Brazilian fintech Nubank aims for the country's unbanked

One of Brazil's fastest-growing tech startups challenges the local financial services industry with a mobile-centric account that can be opened in minutes.
Written by Angelica Mari, Contributing Writer

Nubank founder David Vélez unveils the company's digital bank account. Credit: Nubank

São Paulo-based fintech Nubank has announced its plans to cater for Brazil's unbanked population with a digital bank account.

Approximately 60 million people in Brazil do not have a bank account due to excessive fees and bureaucracy, said Nubank chief executive David Vélez, who started the company three years ago as a credit card provider.

The new product, dubbed NuConta, is now being tested with a limited number of users and will then be rolled out to the company's existing base of 2,5 million credit card customers. The aim is to make the digital account available to anyone from the first quarter of 2018.
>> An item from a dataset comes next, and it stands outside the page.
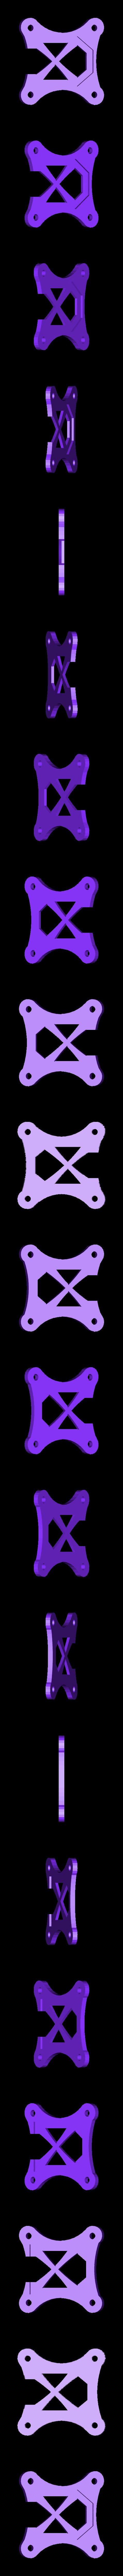 CADRE 30.5X30.5  FURIOUS MINI RX FRSKY PART02 .stl Download free STL file Furious Mini RX FRSKY Adapter Receiver + Buzzer 9mm • 3D printing object, Microdure
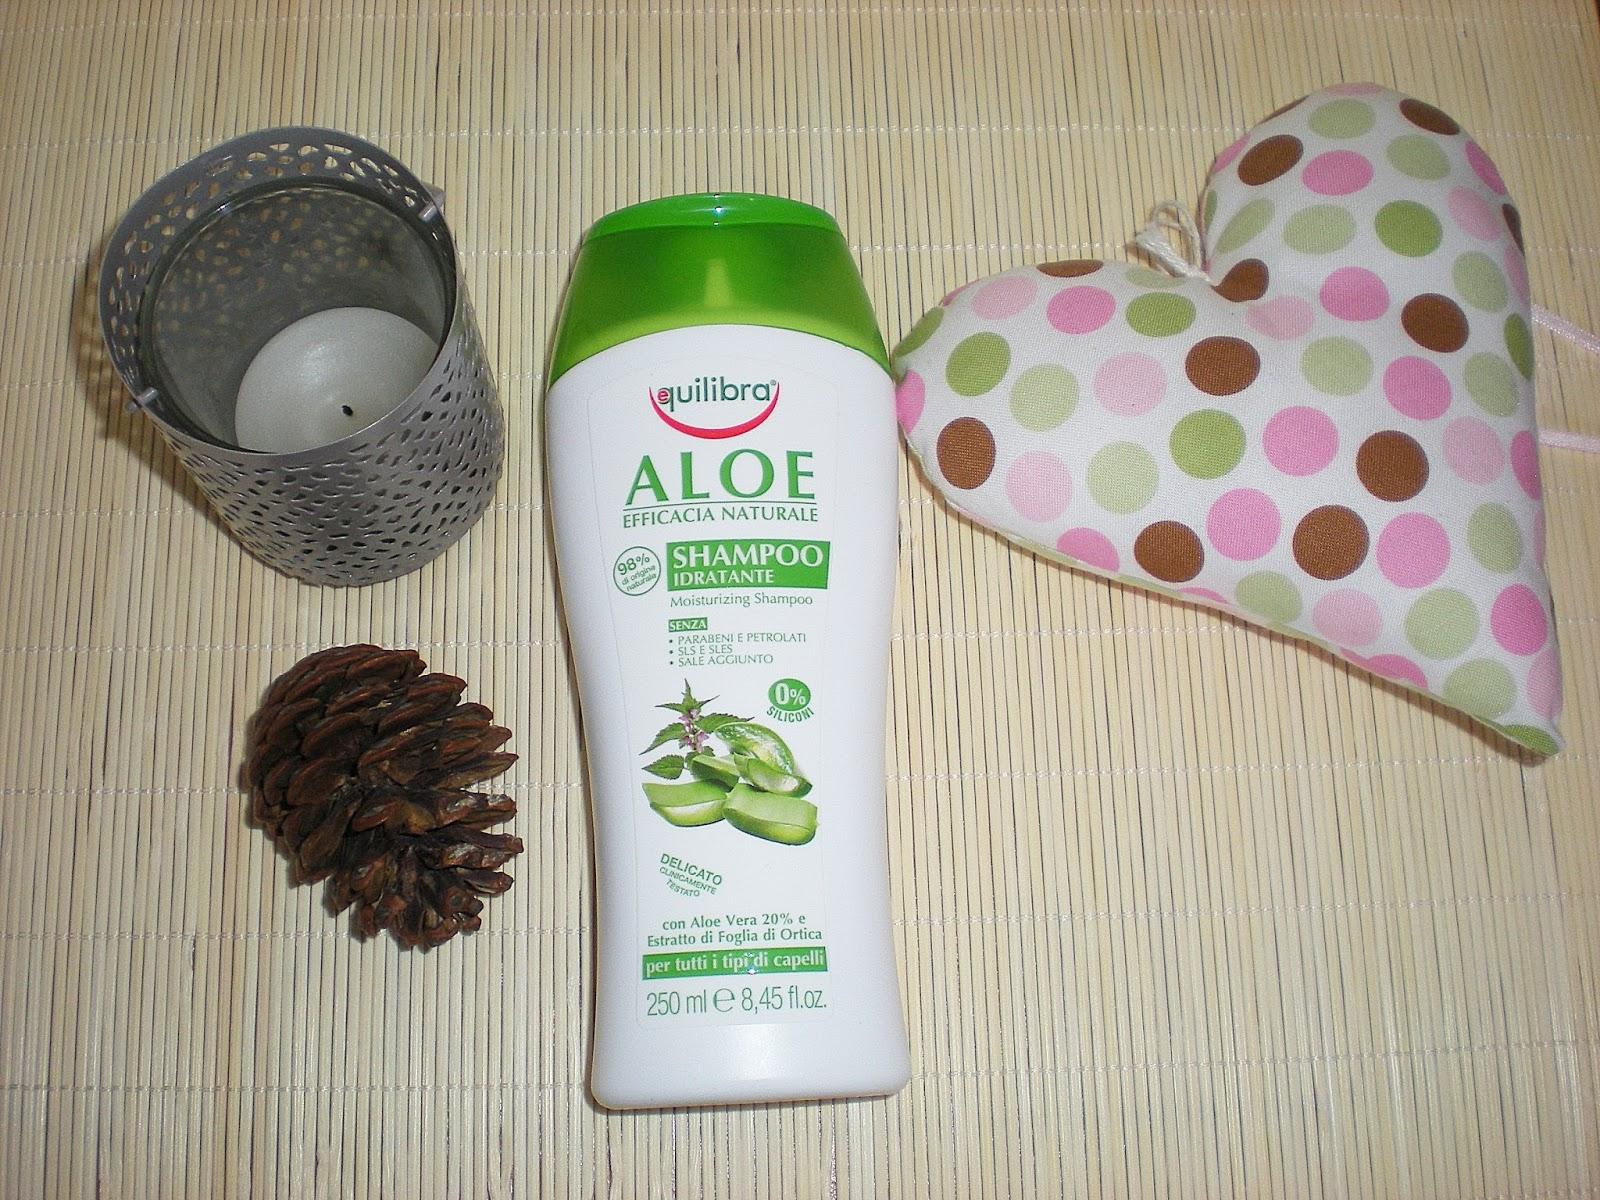 Aloesowy szampon_Equilibra

"We launched our credit card product as a response to the fact that the interest rates in Brazil are among the highest in the world and the level of service [of traditional banks] is also among the worst in the world," Nubank chief executive David Vélez told delegates at the launch event yesterday (24).

"We were certain that we could address those issues with a combination of technology, data science and human customer service into digital products - and NuConta is the evolution of that vision," he added.

Under the account, which has a roadmap for added functionality planned for the coming months, customers will be able to make payments and transfers between Nubank accounts at no cost.

Just as its credit card, Nubank's current account management is mobile-centric - according to Vélez, this was essential as Brazil has the largest mobile internet market and smartphone penetration in Latin America.

Some 13 million consumers applied for a Nubank credit card since its launch and the company has managed to cater for 2,5 million people so far. However, the bank account will be offered to anyone since it will not require credit checks beforehand.

"A revolution only makes sense if everyone can be a part of it and a true revolution in financial services starts today with any Brazilian being able to get access to a bank account," says Vélez.

Any amount deposited in the NuConta bank account will earn interest as monies will be immediately tied to government securities without the need for customers to acquire additional investment products. This, according to the bank, is a way to monetize the product since clients will not pay fees to maintain their accounts.

Initially, NuConta will not offer a debit card or cash withdrawals, but Vélez does not rule out the introduction of these features if customers ask for it.

"We think that money will be increasingly digital and soon people won't need to carry hard cash at all," Vélez said, adding that the same goes for checks.

Maintaining a physical branch is costly, Vélez points out, and these expenses are passed on to customers, who in turn are unable to afford monthly fees of 25 reais ($7,60) on average.

"It is too expensive for banks to cater for these [unbanked] customers," Vélez said, adding that the Nubank credit card has so far generated 1,5 billion reais ($461 million) in savings related to banking fees.

The company did not disclose its projections of how much it might generate in fee-related savings with the current account, but expects it will be a much bigger figure given that customers will be exempt of monthly fees and charges for other services like money transfers.

Founded in 2013, Nubank is one of the best-funded Brazilian tech startups. Its latest Series D funding round in December 2016 had backers DST Global, Sequoia Capital, Founders Fund, Tiger Global Management investing a total of $80 million in the company.

Nubank's own account is not in the red but so far the company isn't generating profit to its backers - and, according to Vélez, they are fine with it.

"In a fast-growing company like Nubank, you either generate returns to investors or you reinvest profits in growing the operation,"the executive said.

"We went for the latter approach, it was a conscious decision we made and we are fully supported in it by our investors," the concludes.